In my view, there’s a different problem when talking about the role of place in the social sector, which is that people (funders, activists, civil servants) using the term place have different ideas of what kind of place-based change they value.

At Renaisi we group the work of changing a place into five categories, not to separate out the types of activity but to understand different attitudes to change:

  1. Regeneration
  2. Targeting
  3. Devolution
  4. Community
  5. System

While many organisations and funders would think that they straddle the categories we think that they may well deliver activity that can appear in many categories, but that their understanding of change only comes from one. You can do a lot of community focussed work, but still be from a devolution mindset, for example. Or you can employ lots of targeting but understand change as being about systems. I’d love to know what others think about this.

Place chart

Five different ways to understand place-based change

Place as regeneration – this is a view of change as being about fixing a problem that has affected the economy of the whole place. “That place needs regenerating”. It negatively frames the place, and therefore judges the interventions around their value in fixing the problem. It is, as a result, focused a lot on economic value (Green Book methodologies and the What Works for Local Economic Growth sit neatly here). It can be big, developer led regeneration schemes like King’s Cross, but it can also be smaller approaches to regenerate the local high street of a small town through developer-led land deals. This perspective of change looks for a clear economic return on investment. It would see the community as a stakeholder to engage and the council as a facilitator. It is good at leveraging significant investment as a result of this approach to change.

Place as targeting – this is about seeing change as coming from evidence-based interventions that target resources on places that best fit their approach and work with the context of those areas. “That places lags behind in certain ways” . It can be deficit based, like regeneration, but is typically targeted on a specific social issue or challenge. Place is the way to contain targeting and manage or measure impact, and as a result this type of change may focus more on the programme than the place. It fits with the thinking of the What Works centres, like the Early Intervention Foundation, Education Endowment Fund and others, whereby approaches are tested, replicated and targeted.

Place as devolution – this is a view of change that would result from localising decision making, and potentially tax raising powers, to more local forms of government. “That place needs to take powers back from Whitehall”. It frames the place as being held captive by decision makers that are either malevolent or, more often, not close enough to understand the local realities to make good decisions in service of that place. In this understanding of place local government is crucial; sometimes that would mean municipalism and power in councils, and at other times creating new devolution structures like Metro Mayors and LEPs.

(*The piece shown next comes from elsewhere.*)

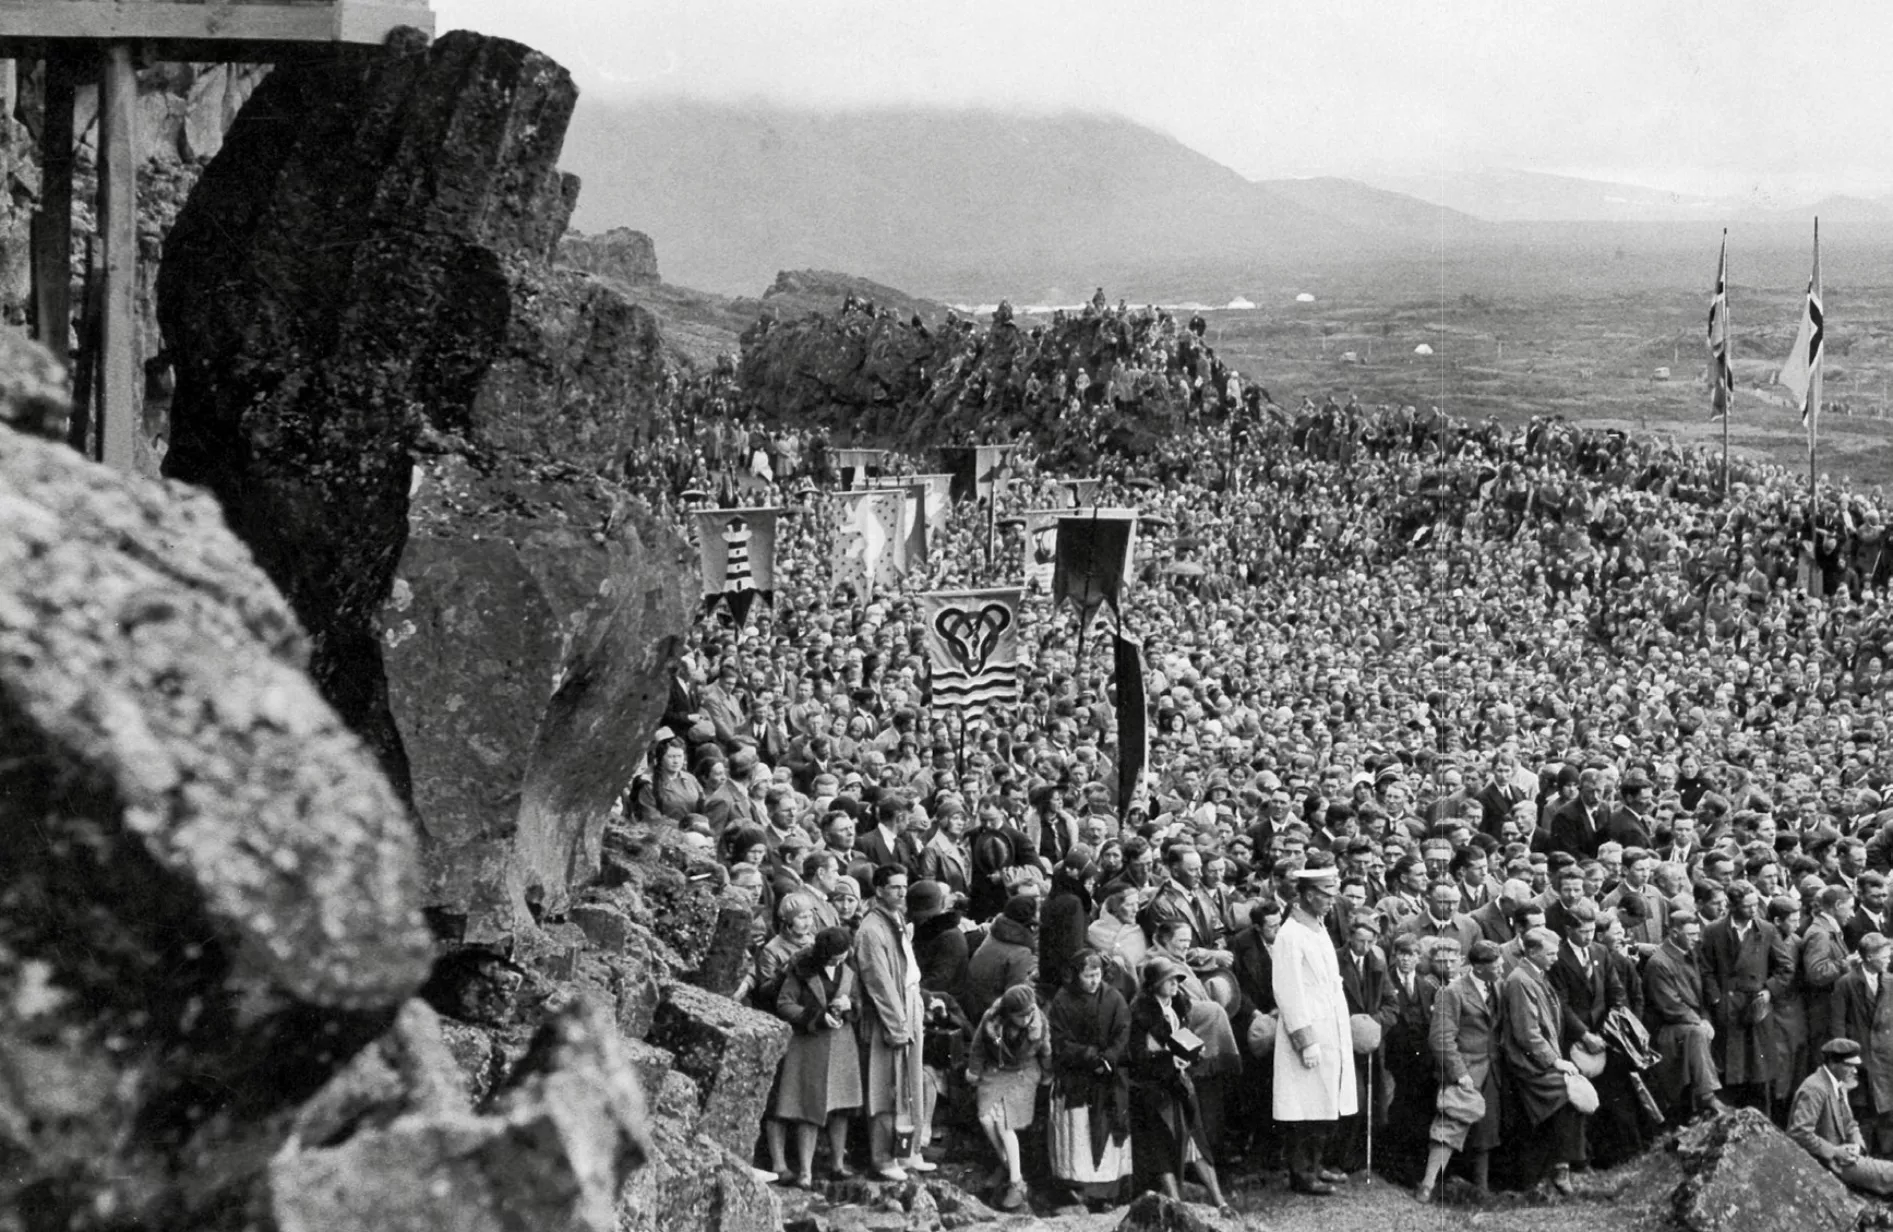 El 1930 els islandesos van fer aquesta cerimònia per commemorar el 1.000 aniversari de l’Alþingi

Place as the community – this is a view of change that sees local people as the real sources of knowledge, strength and ownership of a place, and any work must be done with them. “That place has an incredible community”. It is asset-based in its assumption, and creates geographies, ownership and decision making that are legible to local people. Community organising, community development and also the (now much maligned) Big Society approach fit within this understanding of place informed change. The Big Local programme is the biggest single expression of it in the UK, but there are pockets of it everywhere, often far from the eyes of government or foundations.

Place as a system – this is a view of how change emerges from systems of relationships between institutions such as public services, charities, and the community. Places are ways to geographically bound and define the system that emerges from those relationships. “That place needs to think about the whole system, not just the parts”. This has been written about most recently and extensively by Lankelly Chase with Collaborate. It also includes practice in places like Preston, where anchor institutions are working together on community wealth building, or how relationships of trust shift the commissioning of services. All of these activities see a system as being the way to understand the strengths and challenges of a place, and therefore as the way to understand how change emerges.

Why talk about place?

It’s true that everything happens in a place, but not everything uses place in the same way, and if we can understand – or categorise – the attitude towards change, place is really useful because it:

  1. resonates with everybody who lives or works there, which helps build a clear and understandable vision
  2. encourages consideration of people who are not in the room
  3. breaks down service silos and bureaucracies by posing different questions
  4. brings focus on sustaining relationships that engender long term resilience, support and, if you’re into that kind of thing, systems change.

And that’s why it’s worth talking about place.